I have written in the past about "oil industry subsidies." Rather than using a hyperlink, I will just reproduce my 2011 blog entry text here:
Semantics are wondrous things. Many politicians, including some Republicans, are now calling for the elimination of oil industry "subsidies" as one small way of closing our heinous budget deficit. These subsidies supposedly total $4.4 billion per year (see: Oil Industry Subsidies.) This is a very small amelioration (less than 0.3%) considering that our budget deficits are now running around $1.6 trillion per year.Now, I am old enough to remember what these oil-industry "subsidies" really are. They used to be called "oil depletion allowances." These allowances were meant to equate to "depreciation" in other industries. In other words, as an oil company either purchased or leased the mineral rights to a piece of land ... and then extracted the oil, there was a reduced value to this land since the oil was being extracted. Thus oil companies were allowed to "depreciate" this depleted oil deposit to allow them to then go and buy or lease other land to look for more oil.

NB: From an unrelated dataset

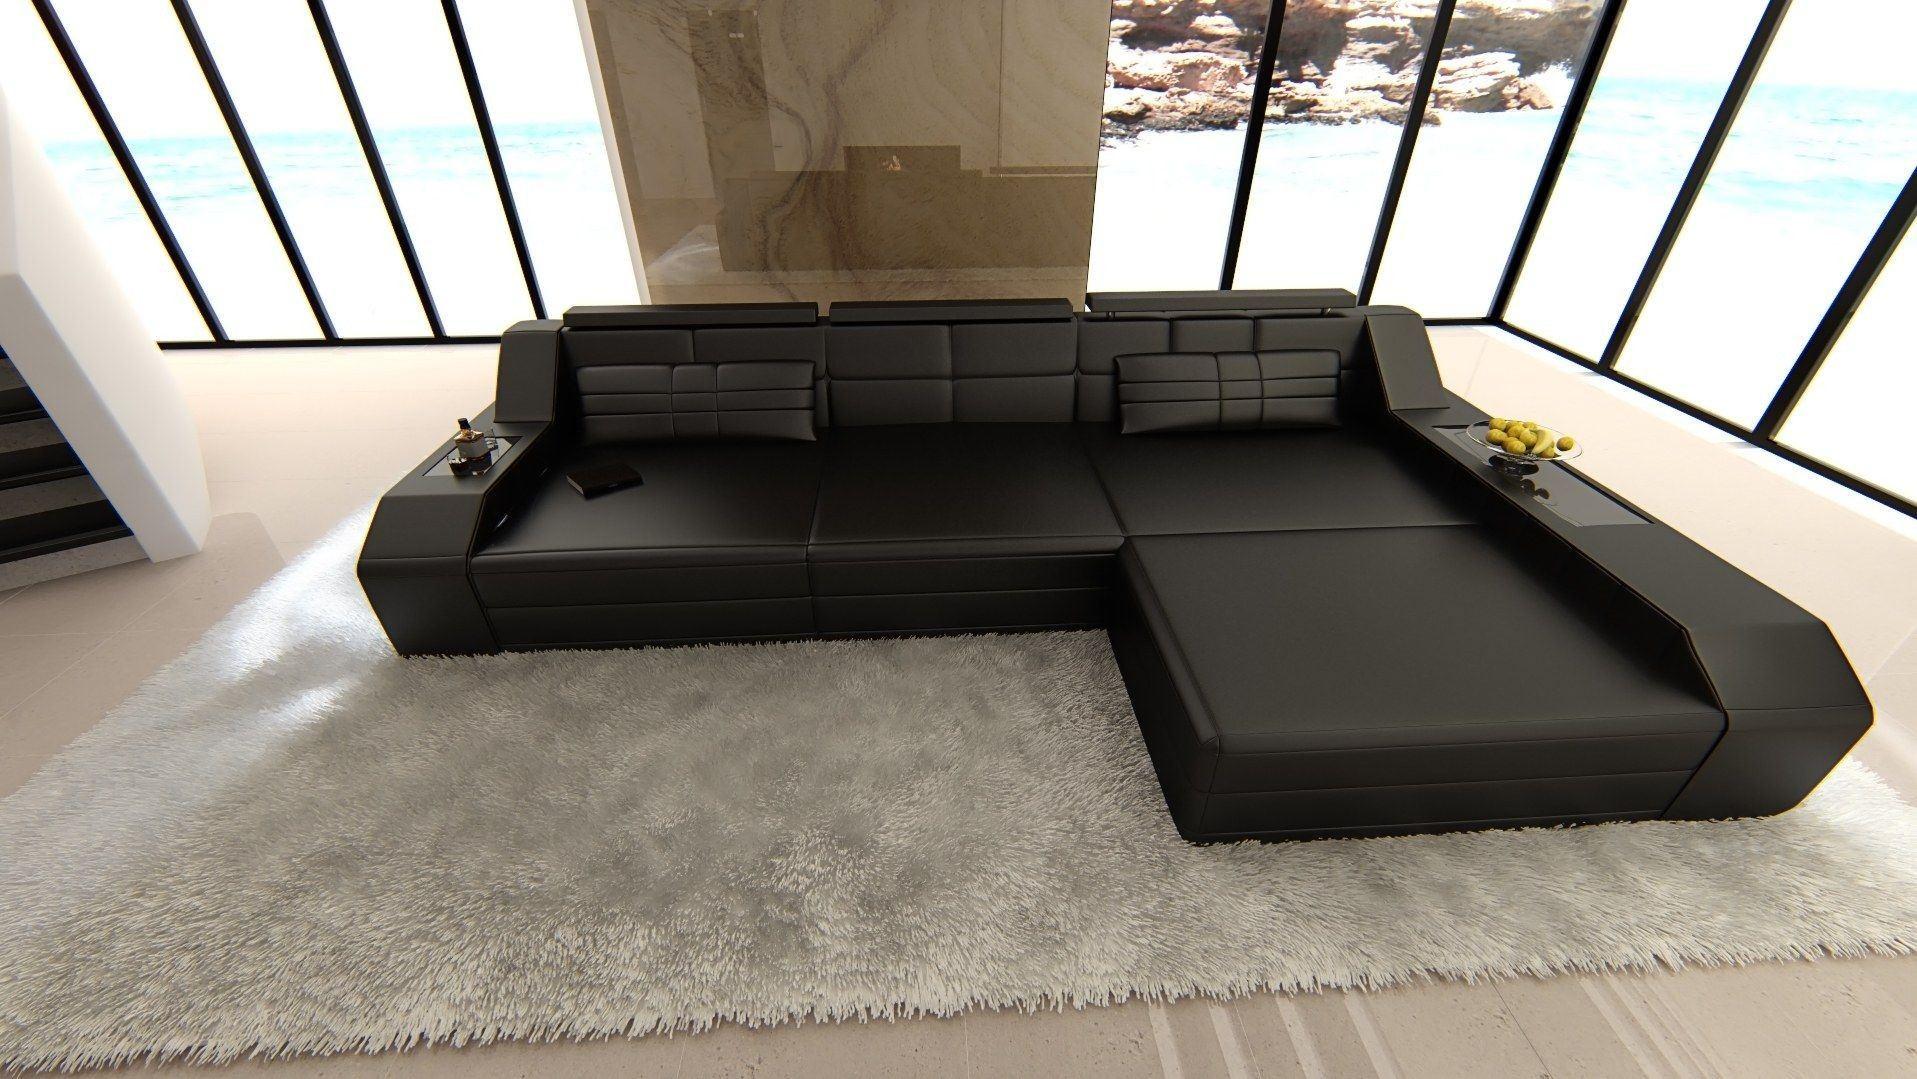 ledersofa arezzo l form schwarz schwarz. Black Bedroom Furniture Sets. Home Design Ideas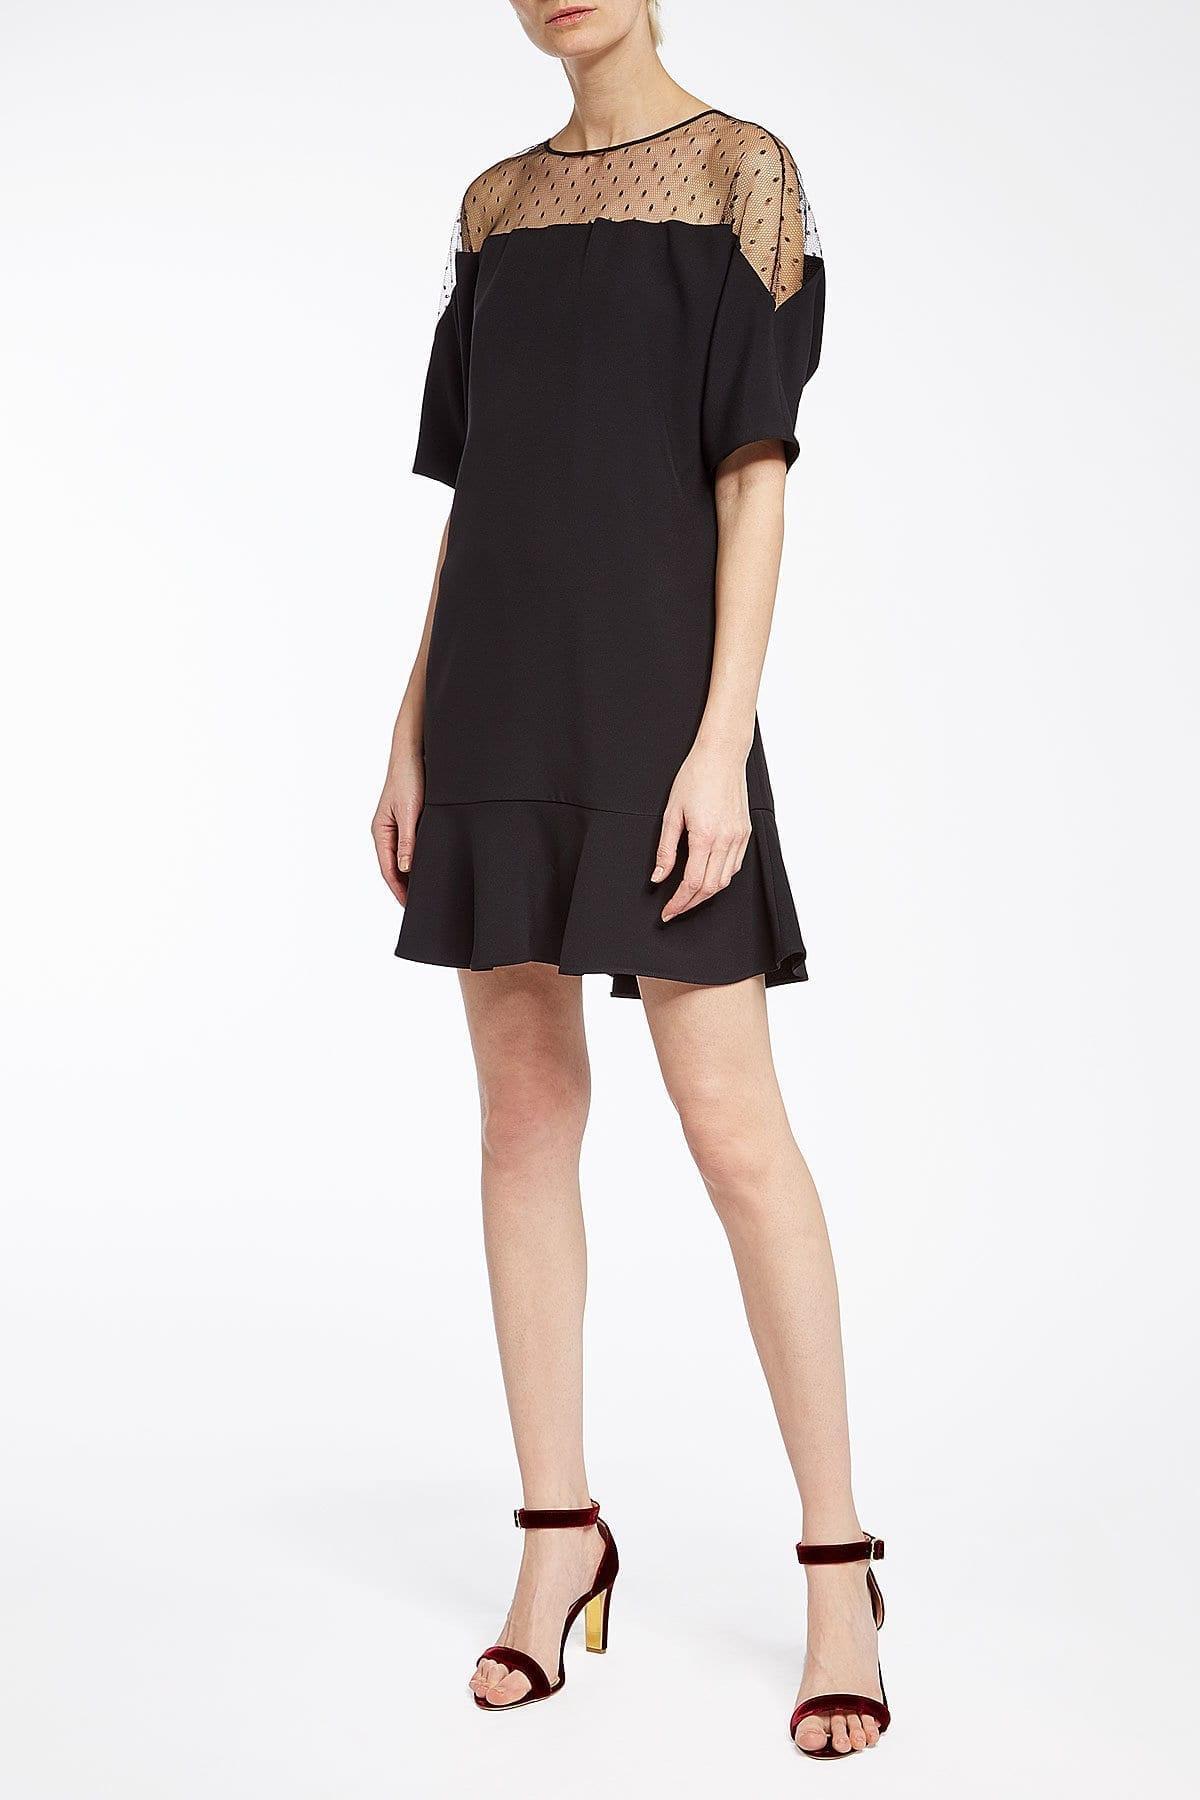 Red Valentino Point Desprit Mini Black Dress

Can we thus call the ability of General Motors to depreciate the machinery (robots, machine tools, etc.) it uses to make cars an "auto-industry subsidy?" If we did, all hell would break loose. Now maybe the formulas used to calculate oil depletion allowances need to be reformulated given the new technology used in oil extraction. But to eliminate these oil-industry "subsides" entirely is but another step in our tree huggers' attempt to emasculate the United States' energy-producing capabilities. This is a little like playing Russian Roulette with five bullets in your six-shooter.
I pretty much said what needed to be said back in 2011, but now Jeanne Shaheen of New Hampshire is using this same demagoguery against Scott Brown in their Senate race up there. If we are ever going to achieve energy independence in this country, it will not be by eliminating this valid accounting process for oil exploration companies. Machinery wears out and is obsoleted ... and needs to be replaced. That is why depreciation is a valid accounting entry for manufacturing companies. Such is also the case for oil in the ground. Once it is gone then the high prices paid for this resource is lost unless it was allowed to be depreciated like any other income-producing asset. This is not a "subsidy" ... it is simply a logical accounting rule ... something that seems continually to be lost on liberals ... and naive voters
Why the media, accounting professionals and university professors don't come to defend this age-old accounting practice is beyond me. Oh, yes ... I think I just answered my own question.